— Да, вот теперь все нормально, — наконец откликнулась госпожа Торт. — Извини, дорогуша. Спасибо тебе. У меня голова начинает раскалываться на кусочки, когда люди не говорят то, что я предвидела. Ты в человеческом виде, дорогуша?[13]
— Можешь войти, госпожа Торт.
Комната была небольшой. И в основном коричневой. Коричневый циновочный пол, коричневые стены, над коричневой кроватью — картина, на которой коричневого оленя на коричневом болоте атаковали коричневые собаки, и происходило все это на фоне неба, которое, вопреки всем метеорологическим изысканиям, тоже было коричневым. Даже платяной шкаф, и тот был коричневым. Возможно, если пробраться сквозь загадочные старые платья[14], в нем висевшие, можно было оказаться в волшебной сказочной стране, где жили говорящие животные и гоблины, но, скорее всего, оно того не стоило.
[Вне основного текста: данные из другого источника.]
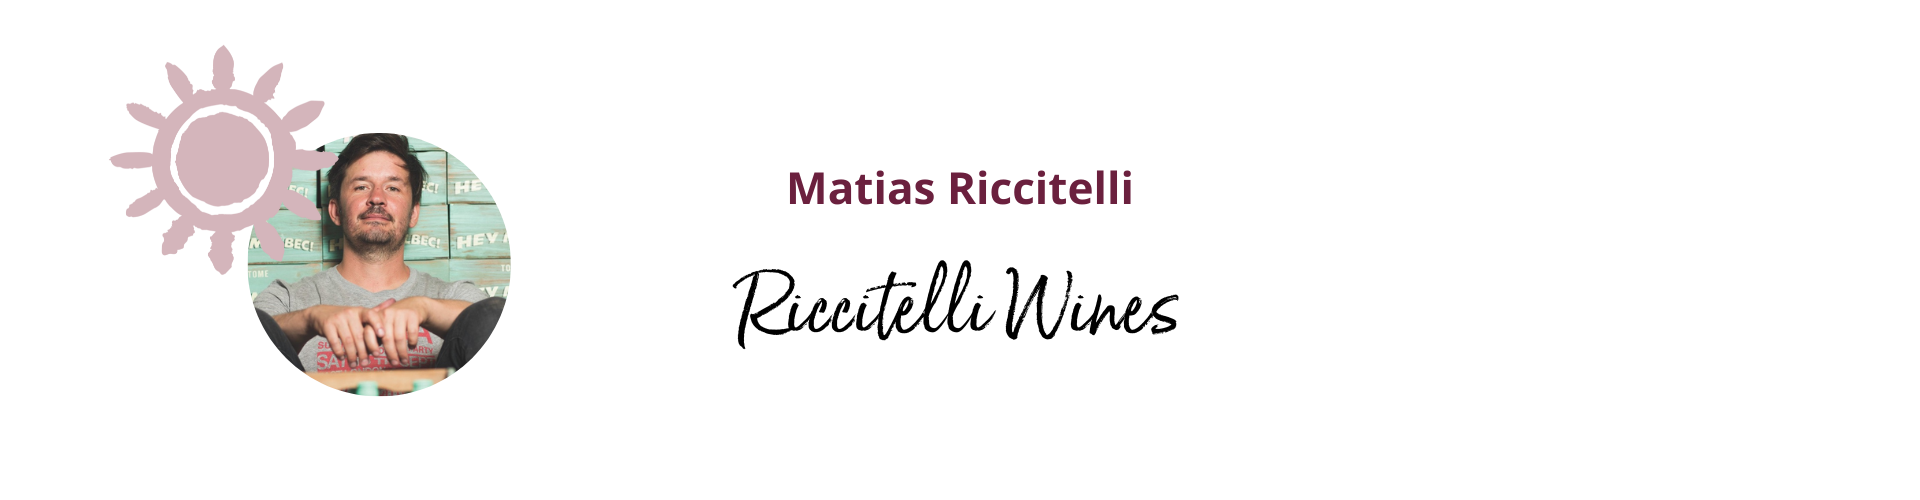 Matias Riccitelli - Riccitelli Wines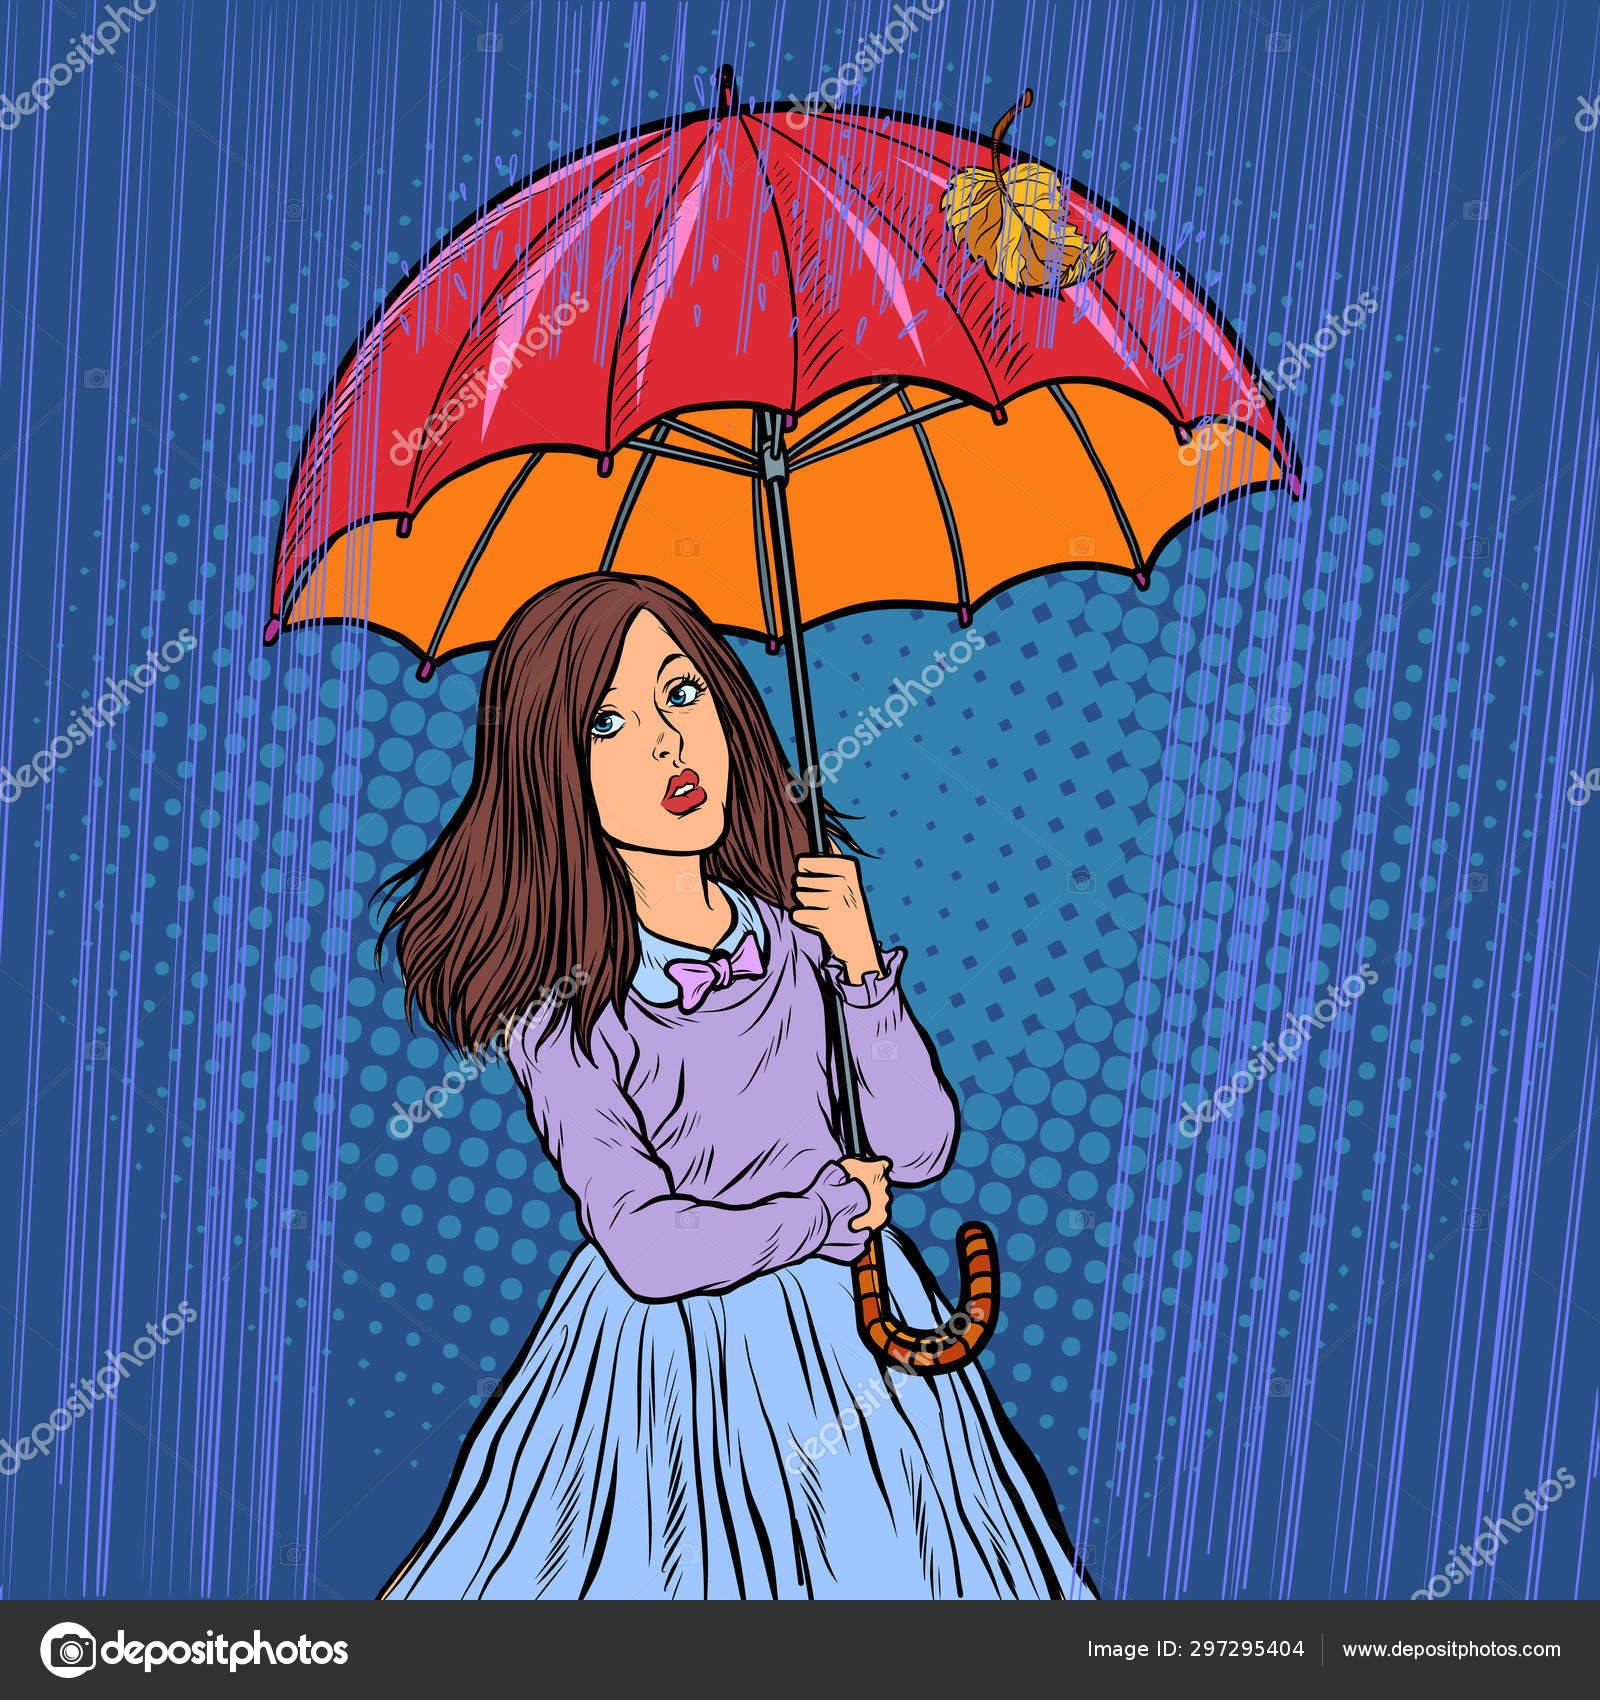 Umbrella girl by Maieth on DeviantArt

Вошла госпожа Торт. Она была пухлой женщиной небольшого роста, недостаток которого она компенсировала при помощи огромной черной шляпы, не остроконечной, похожей на те, что носили ведьмы, но украшенной чучелами птиц, восковыми фруктами и прочими декоративными безделушками, выкрашенными в черный цвет. Ангве госпожа Торт нравилась. Комнаты были чистыми[15], плата — невысокой, а кроме того, госпожа Торт с пониманием относилась к людям, образ жизни которых несколько отличался от обычного и которые, к примеру, испытывали отвращение к чесноку. Ее дочь тоже была вервольфом, поэтому госпожа Торт понимала нужду в низко расположенных окнах и дверях с длинными ручками, которые можно повернуть лапой.
— Он в кольчуге, — сказала госпожа Торт. В обеих руках она держала ведра с гравием. — А в ушах у него мыло.
— О. Все понятно.
— Если хочешь, могу сказать, чтобы он проваливал, — повторила свое предложение госпожа Торт. — Это несложно, мне часто приходилось выгонять отсюда всяких типов. А то еще с кольями припрутся. Чтобы в моем доме устраивали беспорядок, бродили по коридорам с факелами и прочей ерундой? Я такого не допущу!
— По-моему, я знаю, кто это, — успокоила ее Ангва. — Я сама все улажу.
Она заправила рубашку в бриджи.
— Когда будешь уходить, захлопни дверь, — крикнула госпожа Торт вслед Ангве. — А я пойду поменяю землю в гробу господина Подмигинса, боли в спине совсем измучили беднягу.
— Но, госпожа Торт, мне показалось, что у тебя в ведрах гравий…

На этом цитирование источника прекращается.